I know the sequel better, The Literary Cold War, 1945 to Vietnam (2009), which includes an invigorating discussion of Graham Greene‘s The Quiet American amongst many other good things (a novel much on my mind of late).  Adam runs the Cultures of the Cold War network whose website opens with a rapid-fire quotation from E.L. Doctorow:  ‘The bomb first was our weapon. Then it became our diplomacy. Next it became our economy. Now it’s become our culture.
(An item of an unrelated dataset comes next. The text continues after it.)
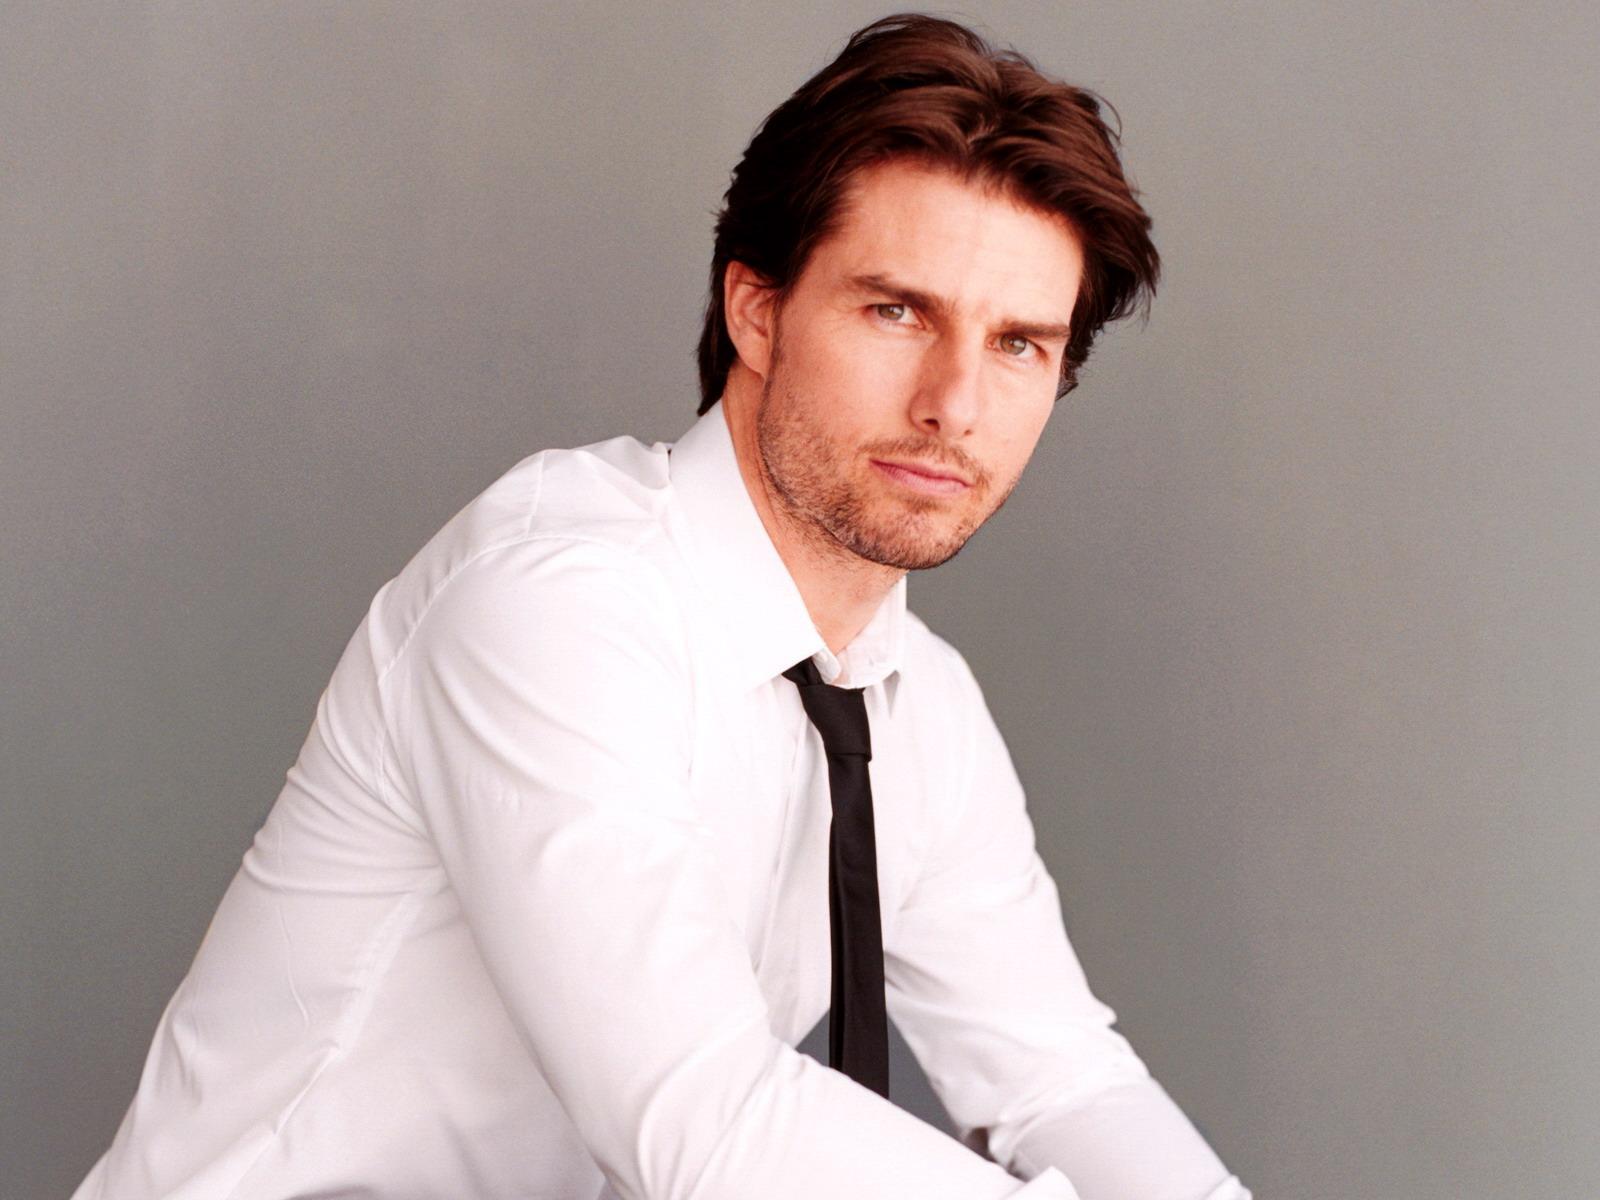 Tom Cruise – Từng là người nghệ sĩ thách thức những giới hạn - Ảnh 14.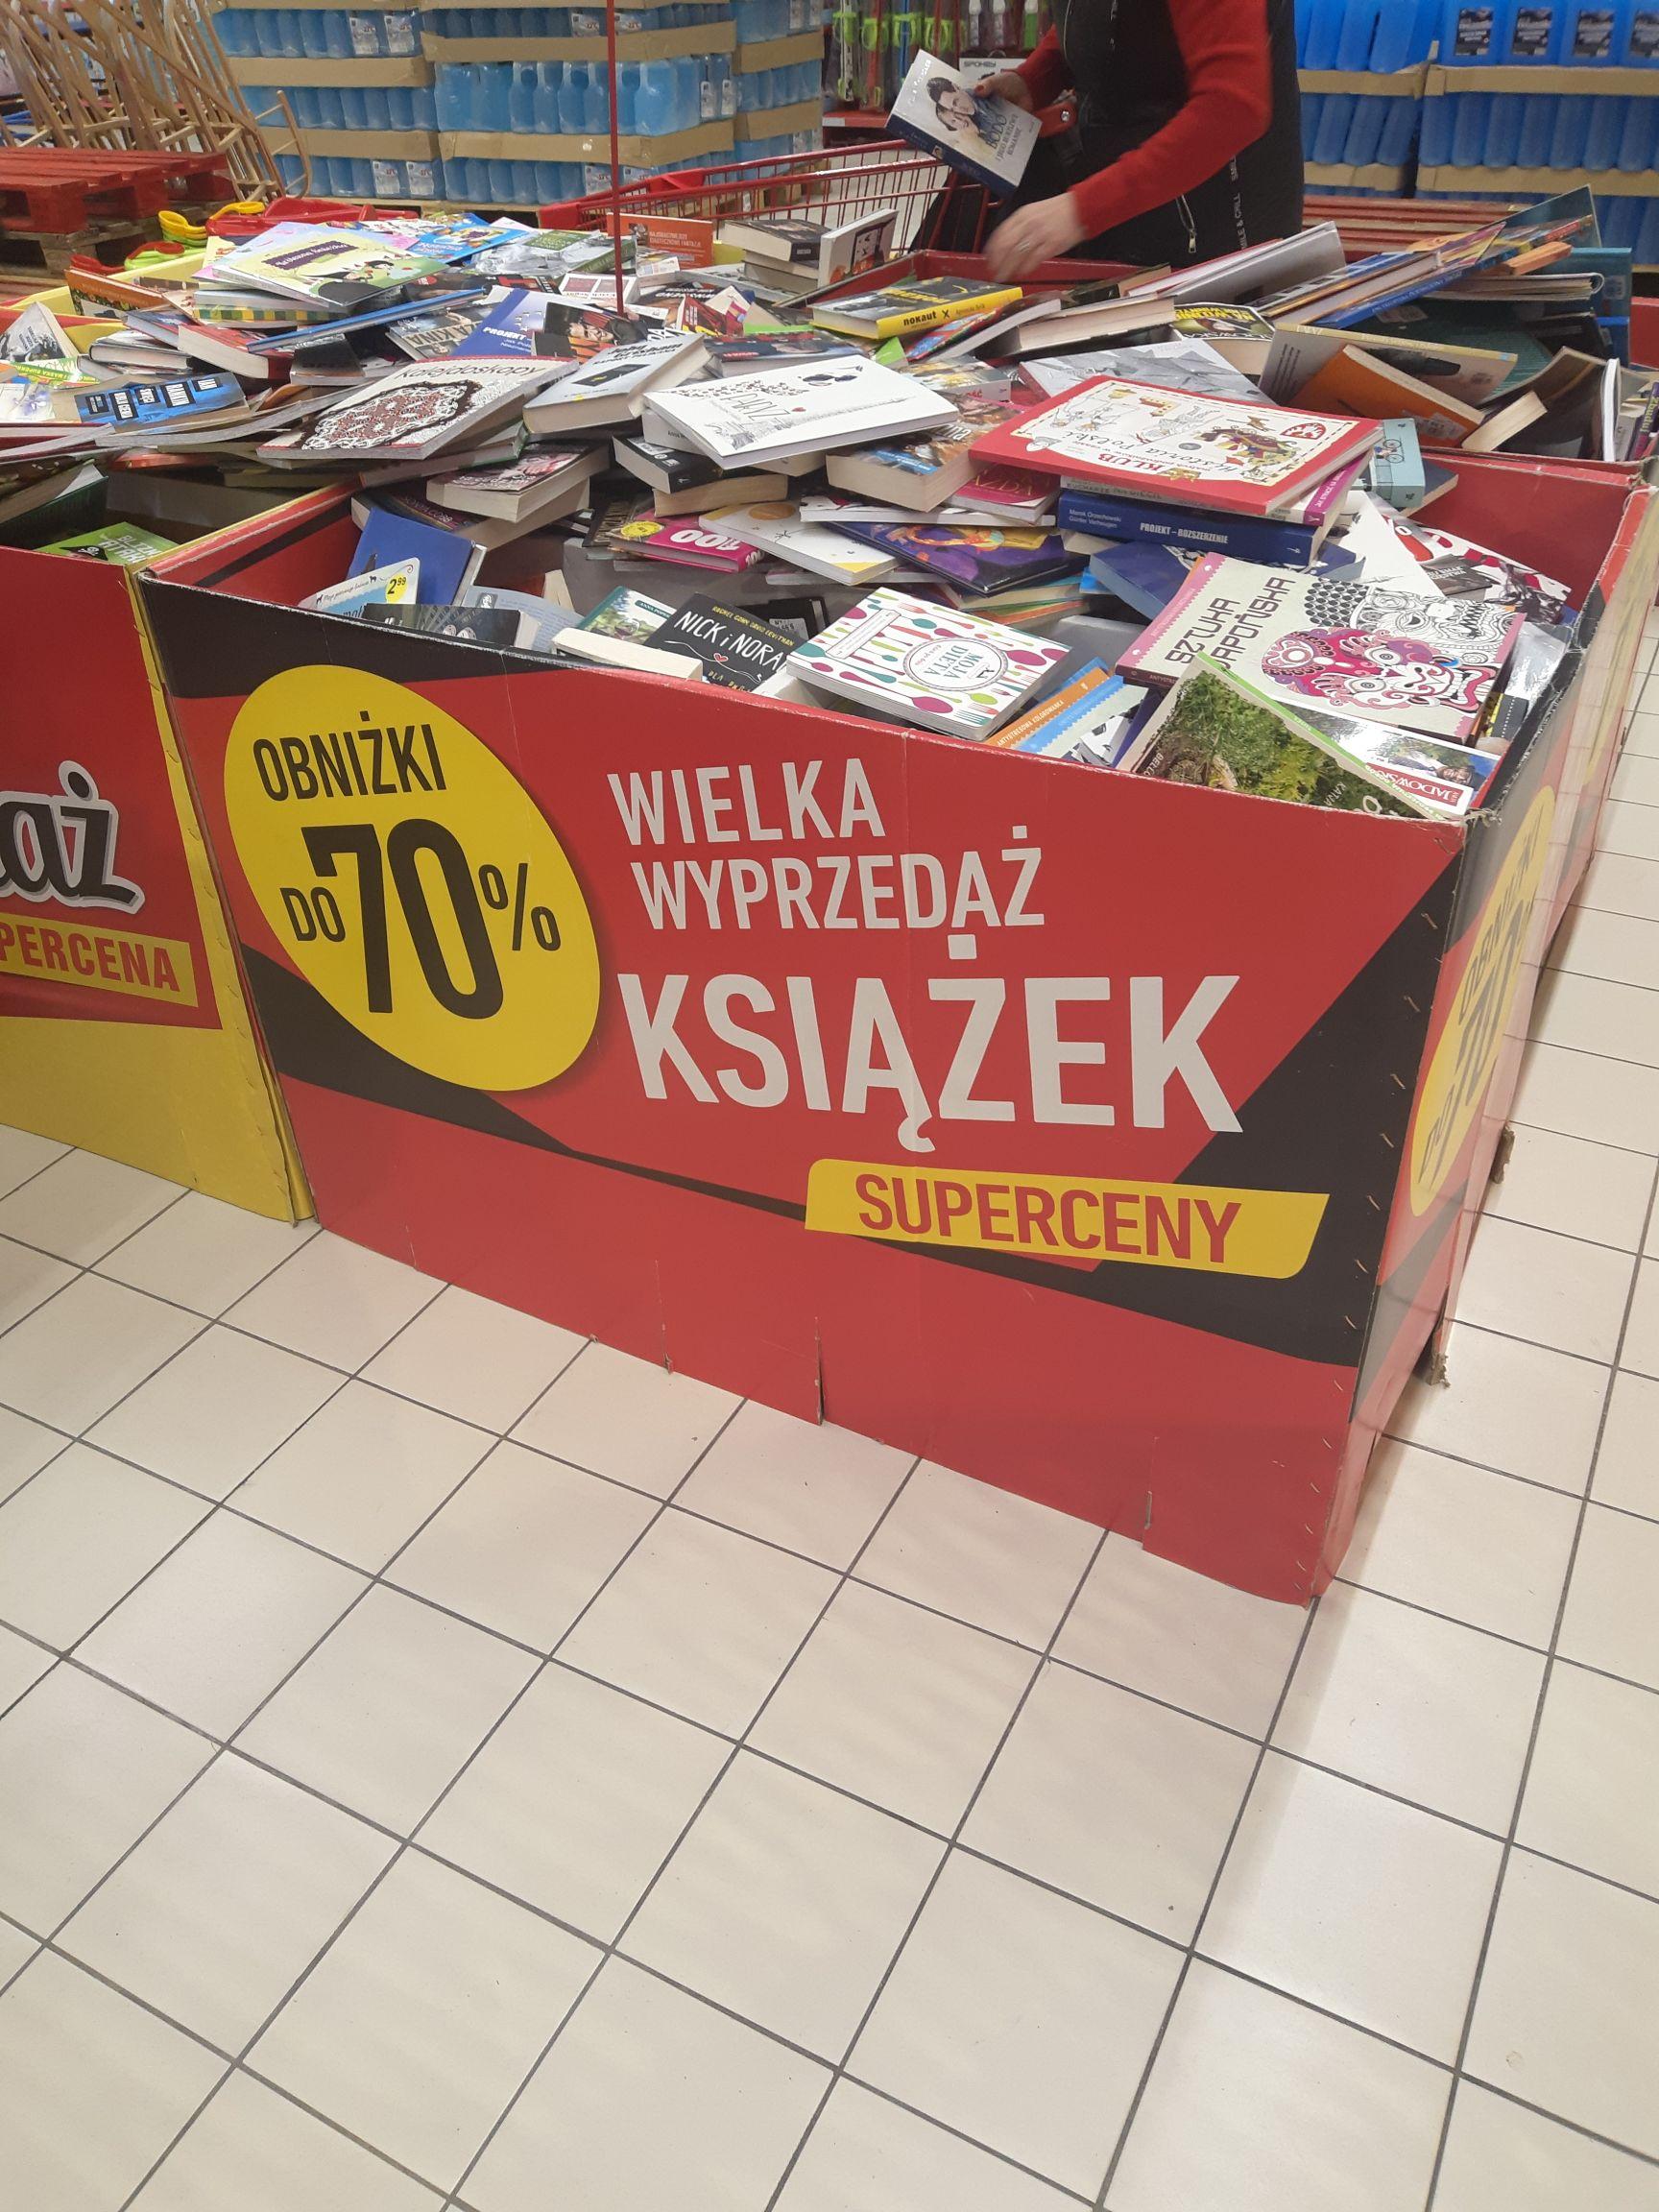 Wielka wyprzedaż książek Carrefour

We’ve become the people of the bomb.’ Unfortunately, it appears the website then ran out of energy (sic), though there’s a useful Bibliography.

For me, the book I most admire is Patrick Deer‘s Culture in Camouflage: war, empire and modern British literature (2009).  He paints on a larger canvas than Imagination at war – the book covers the period 1914-1945, and there are definite advantages in doing so – and he seems to have read everything and to have thought about it all in depth and detail.  I was first drawn to it by his chapters on the Second World War, but as I re-work “Gabriel’s Map” for what I think, hope and pray will be a second new book (really), provisionally called War material, I’ve plunged back into his earlier accounts of the First World War.  They are brimful of incisive readings and artful insights.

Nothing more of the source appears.